> **The task**
Give the whole listing below once more, exactly, without pictures.

> **Dataset content**

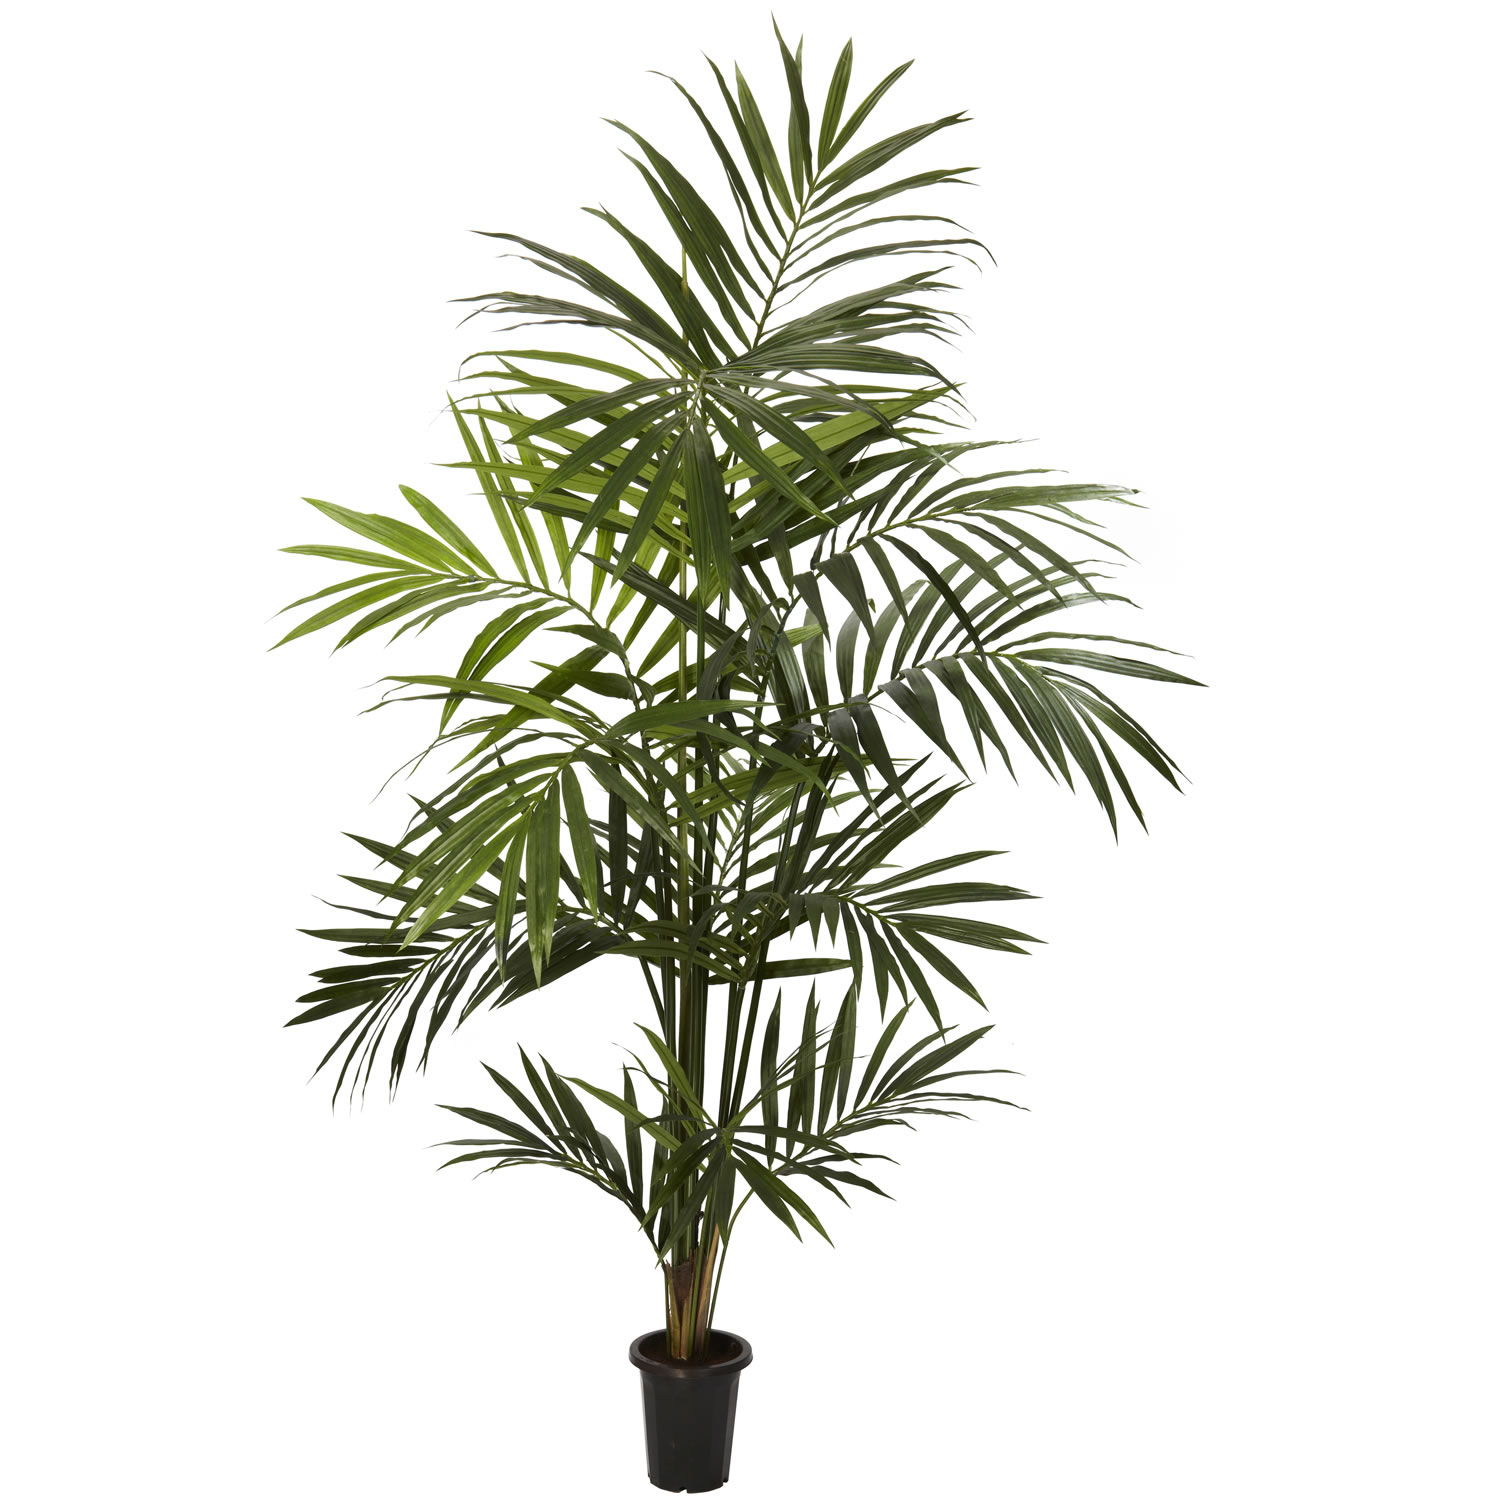 7 Foot Kentia Palm Tree: Potted
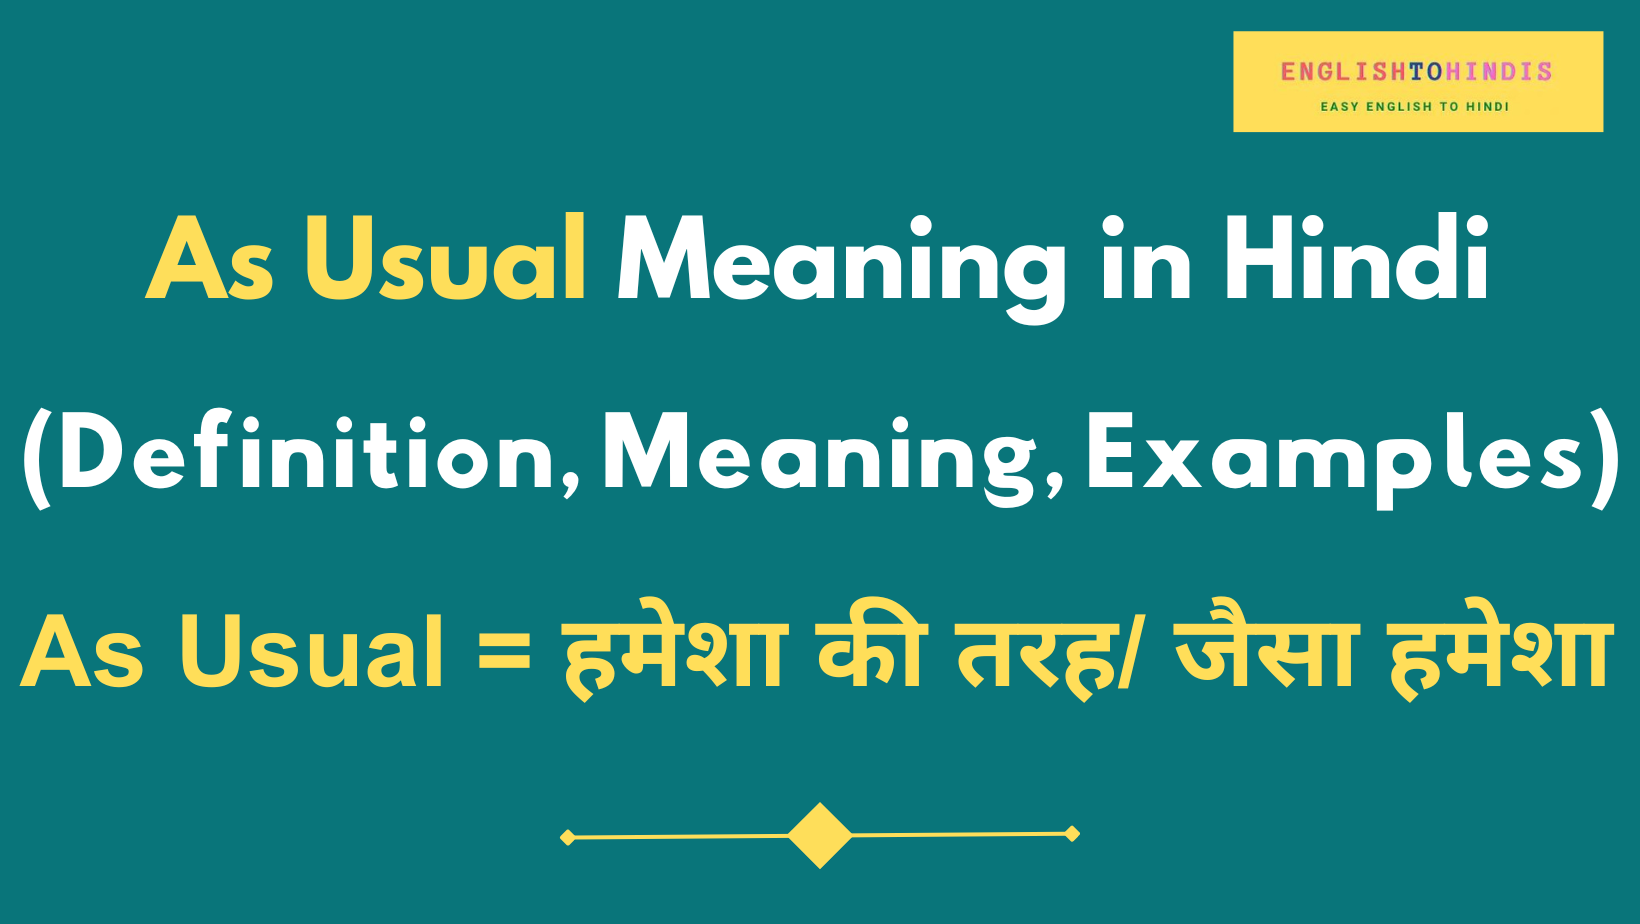 As Usual Meaning in Hindi
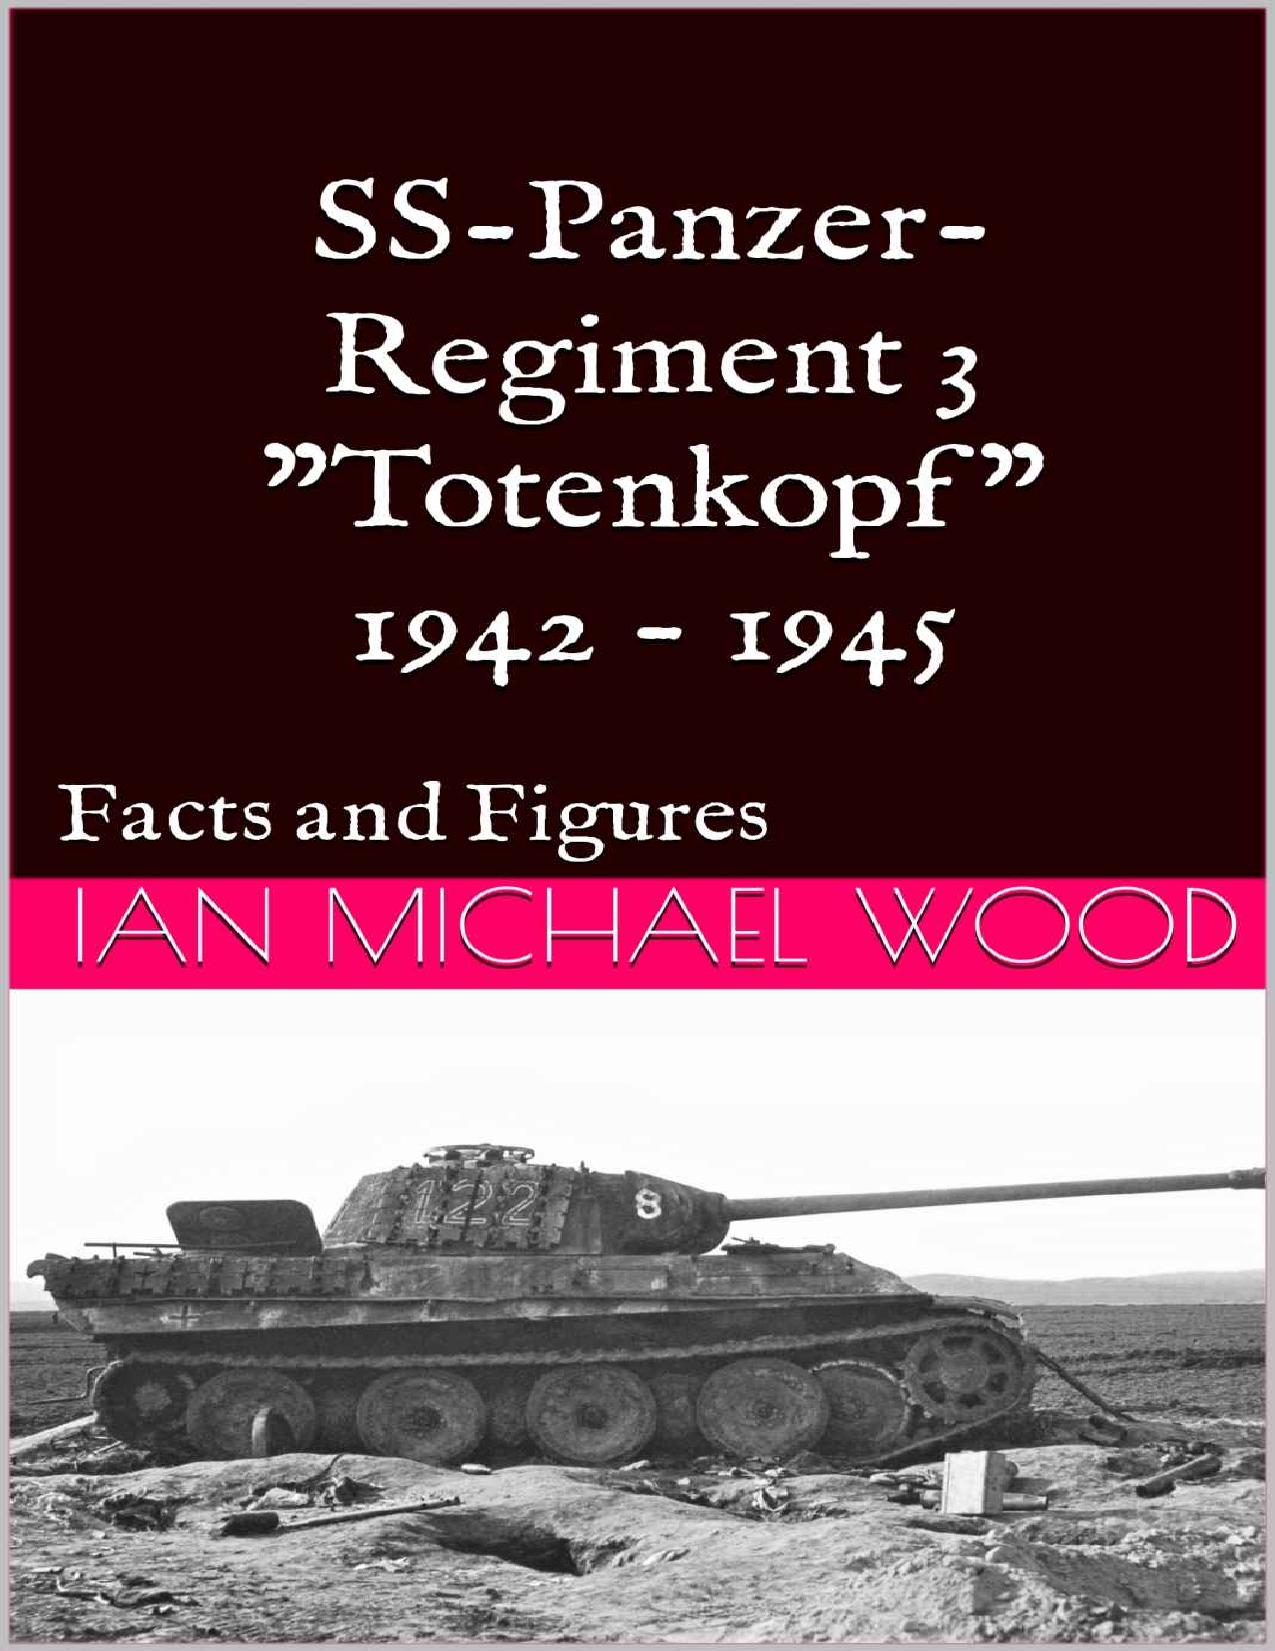 (eBook PDF)S-Panzer-Regiment 3: Facts and Figures by Ian Michael Wood

> **Result of this exercise**
 7 Foot Kentia Palm Tree: Potted
 As Usual Meaning in Hindi
 (eBook PDF)S-Panzer-Regiment 3: Facts and Figures by Ian Michael Wood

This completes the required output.